In questo primo periodo, intorno alla prima metà dell’Ottocento, si diffondono in diversi contesti europei nuove istituzioni più conosciute come “biblioteche popolari”186. Esse si configurano inizialmente come associazioni di privati o enti che pagavano il costo di una sottoscrizione per avere diritto ad accedervi. Già nel Settecento vi era stato qualche esempio negli Stati Uniti d’America, dove Benjamin Franklin istituì già nel 1731 la Library Company, la prima biblioteca popolare di Filadelfia187.
Le “biblioteche popolari” trovano spazio all’interno di una serie di attività rivolte “all’educazione popolare”, che riuniscono un movimento variegato composto da movimenti filantropici, laici, religiosi, socialisti, moderati e lo stesso mondo imprenditoriale188.
I due obiettivi principali erano: offrire la possibilità di accesso alla lettura, sia per motivi legati al filantropismo, sia per veder aumentata la redditività del lavoro dipendente e perseguire così la promozione sociale e politica delle classi lavoratrici189.
D’altro canto, però, la volontà di controllare i ceti popolari, anche attraverso la lettura rimane sempre una questione centrale: per mantenere l’ordine sociale occorreva vigilare affinché opere di stampo anarchico o socialista non trovassero diffusione.
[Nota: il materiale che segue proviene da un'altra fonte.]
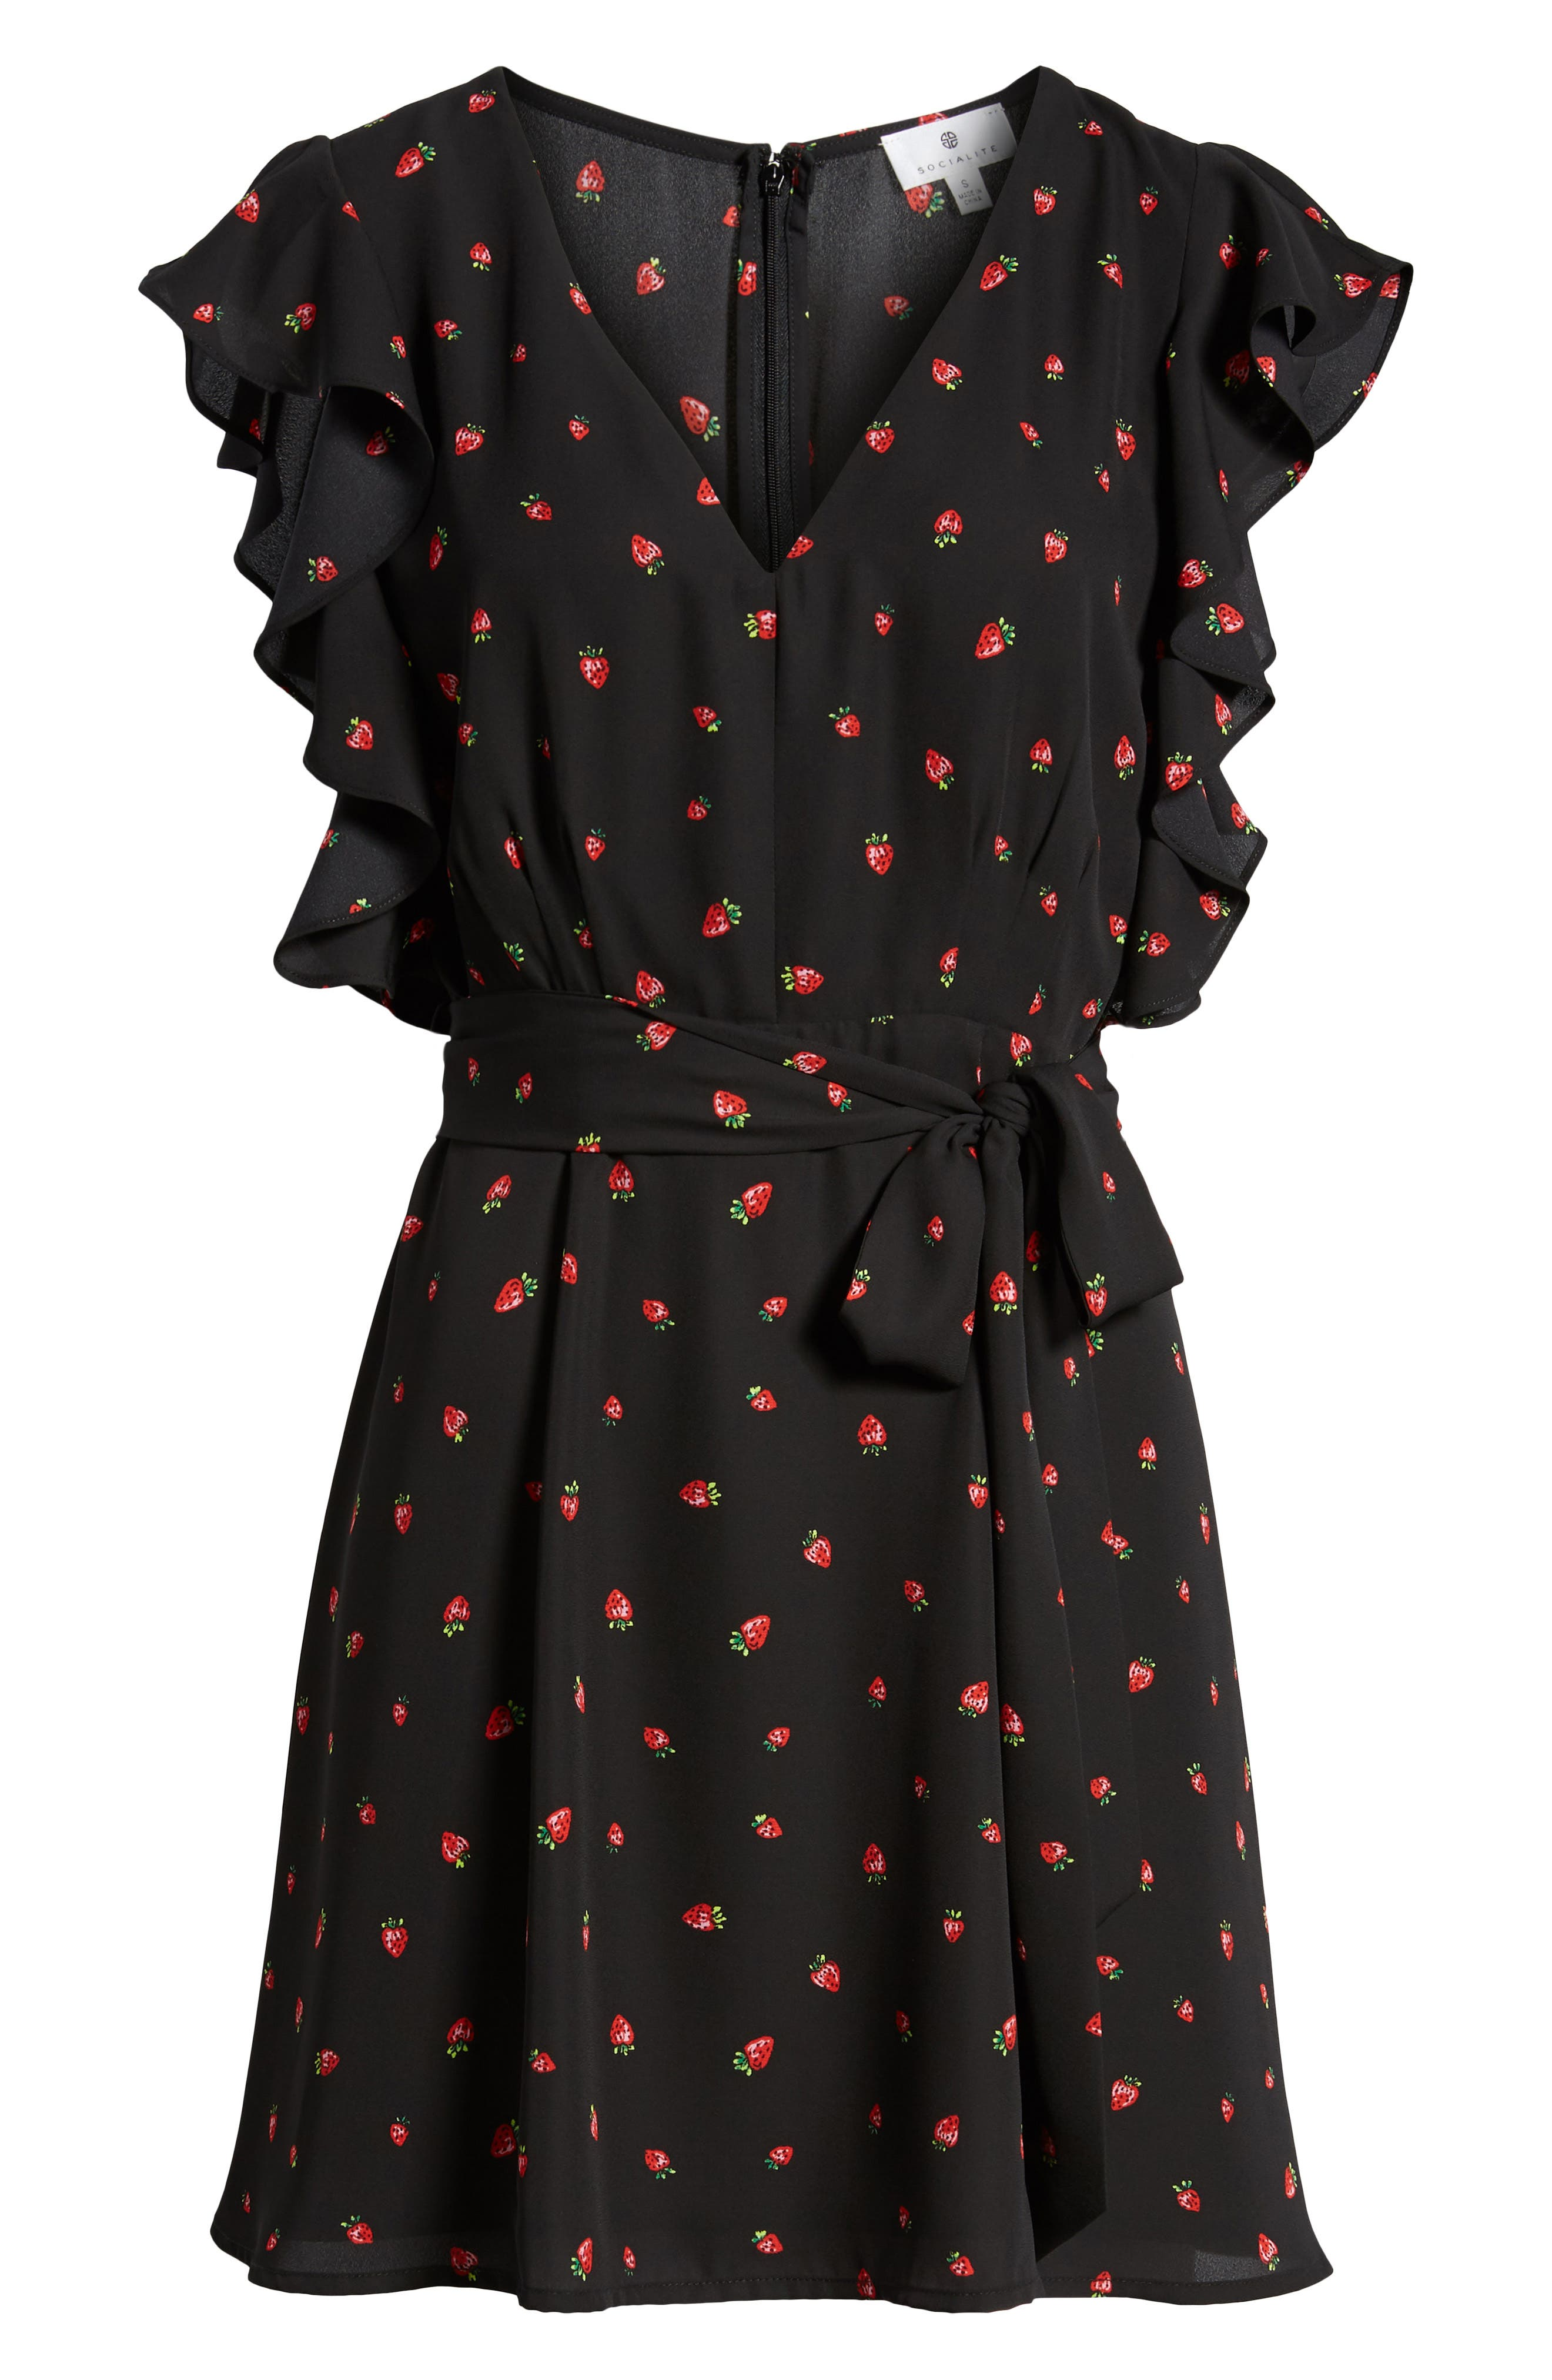 Ruffle Sleeve Dress,                             Alternate thumbnail 7, color,                             001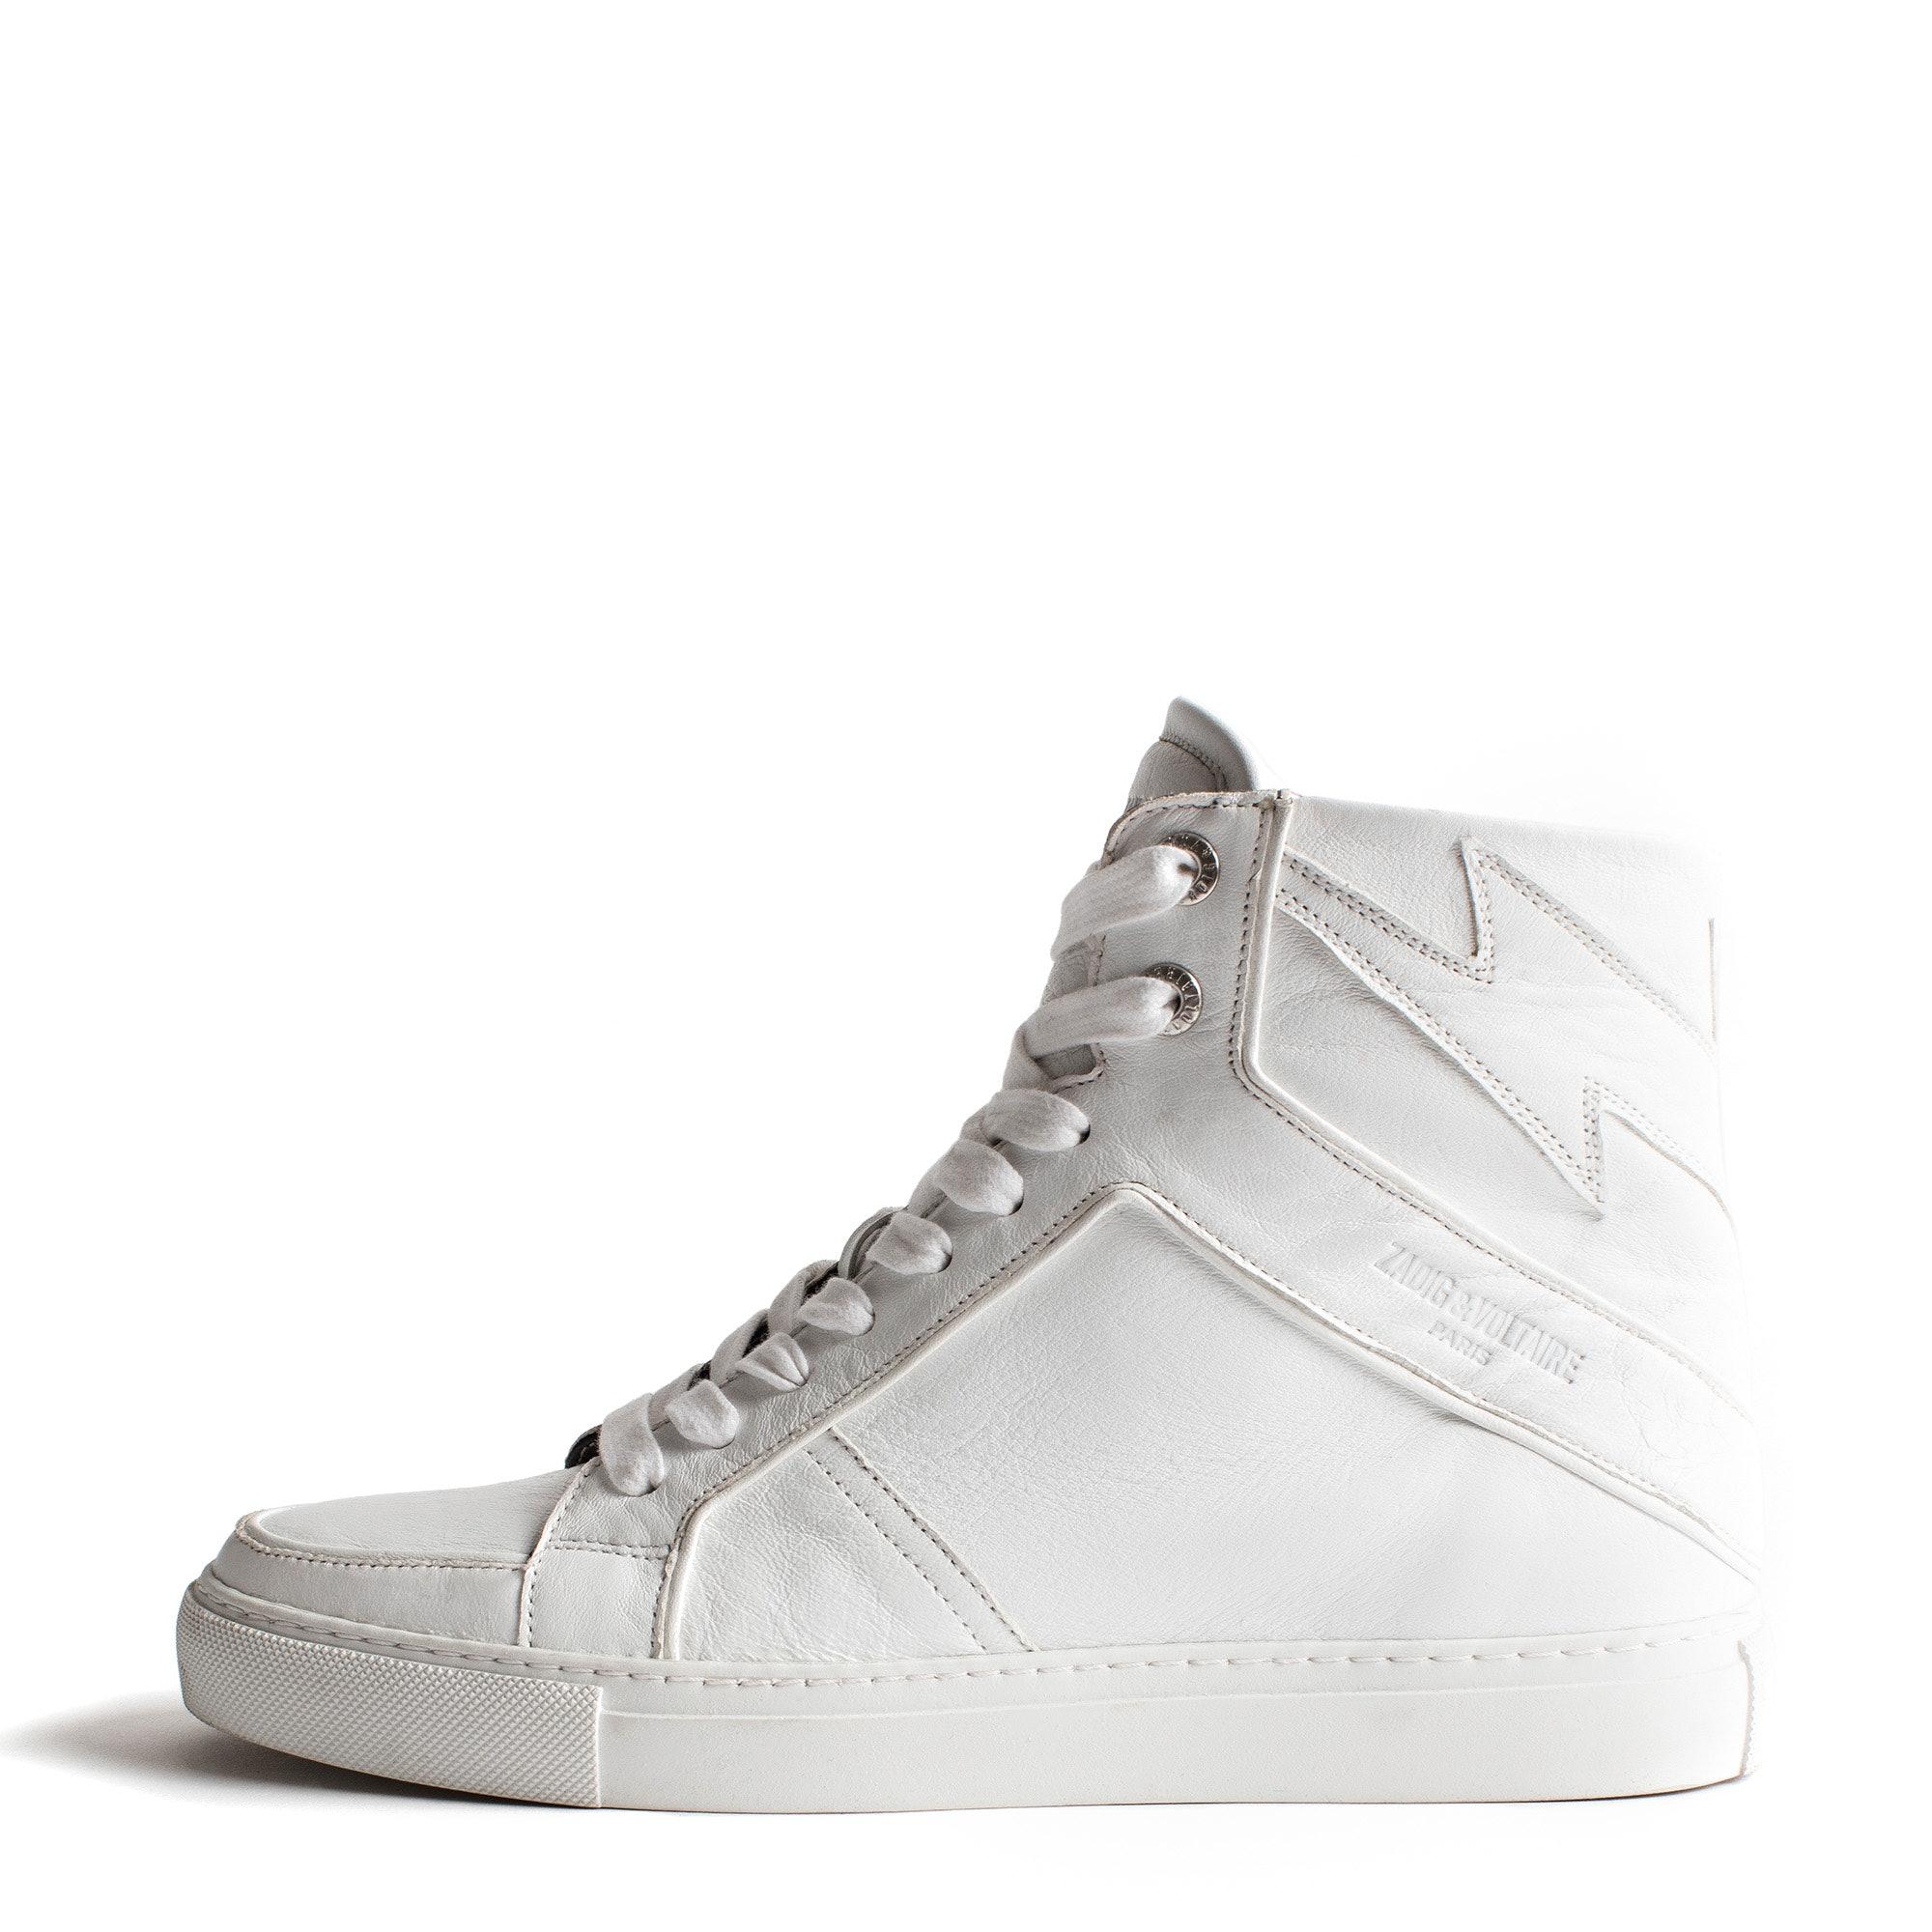 Sneakers Zv1747 High Flash - Zadig & Voltaire - Modalova

Le biblioteche popolari e il movimento che accompagnò il loro sviluppo si diffuse in molti paesi dell’Europa, sia mediterranea, sia centrale e settentrionale, anche se in ogni contesto ebbe esiti diversi. Tra i paesi più coinvolti ricordiamo: la Francia, la Spagna, la Germania, l’Austria, la Svizzera, il Belgio, l’Olanda, la Danimarca, la Svezia, la Norvegia, la Finlandia e anche l’Italia.
L’attenzione si concentrerà sull’Italia e la Germania.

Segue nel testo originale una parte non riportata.